About this exercise → Nothing but the lines from the one holding "クロネコヤマト新価格表" to the final line of the listing below, both included, should be repeated, and each must match exactly. Omit pictures.

Dataset excerpt →
<<<<

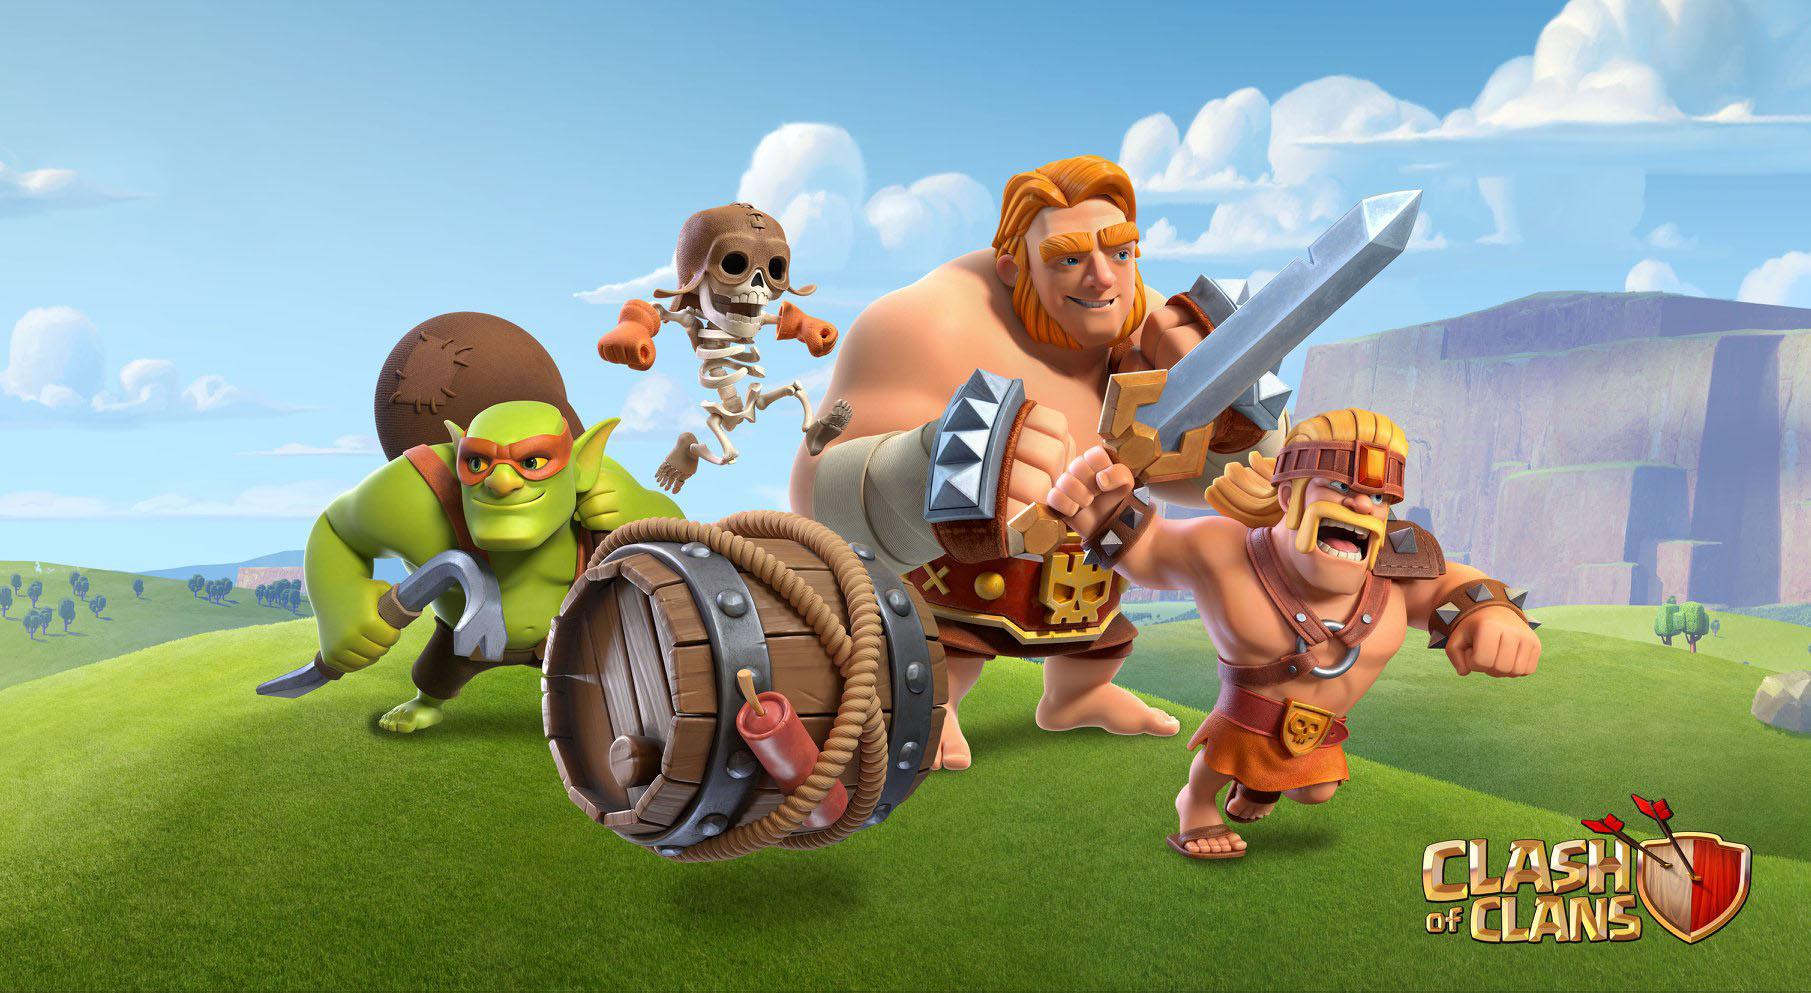 Hình ảnh Clash of clans anh hùng
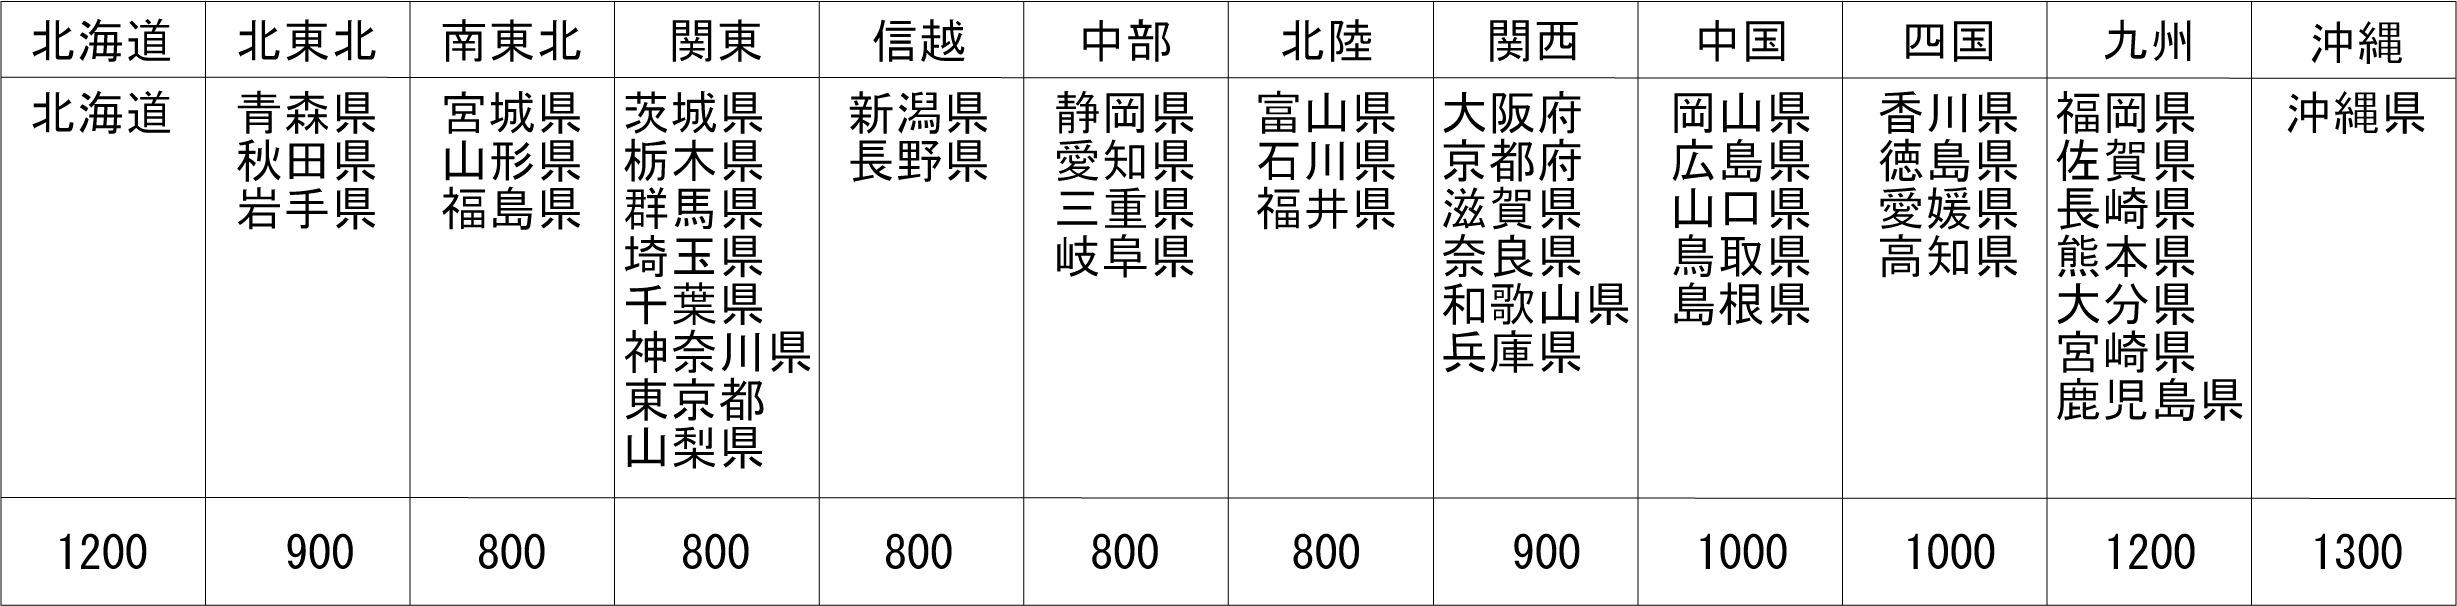 クロネコヤマト新価格表
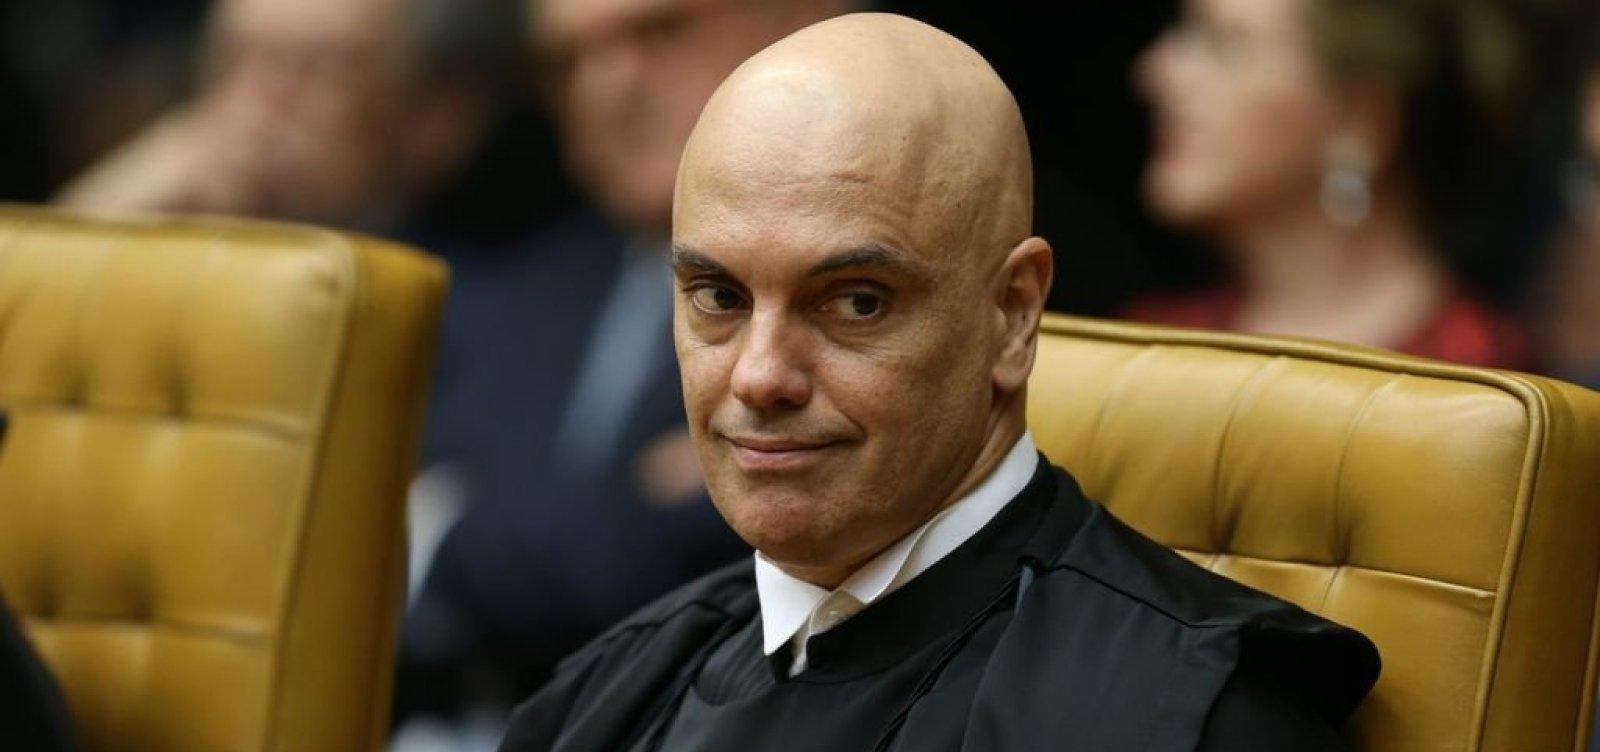 [Inquérito das Fake News: Moraes determina quebra de sigilo de 17 investigados]

>>>>

Completed exercise →
 クロネコヤマト新価格表
 [Inquérito das Fake News: Moraes determina quebra de sigilo de 17 investigados]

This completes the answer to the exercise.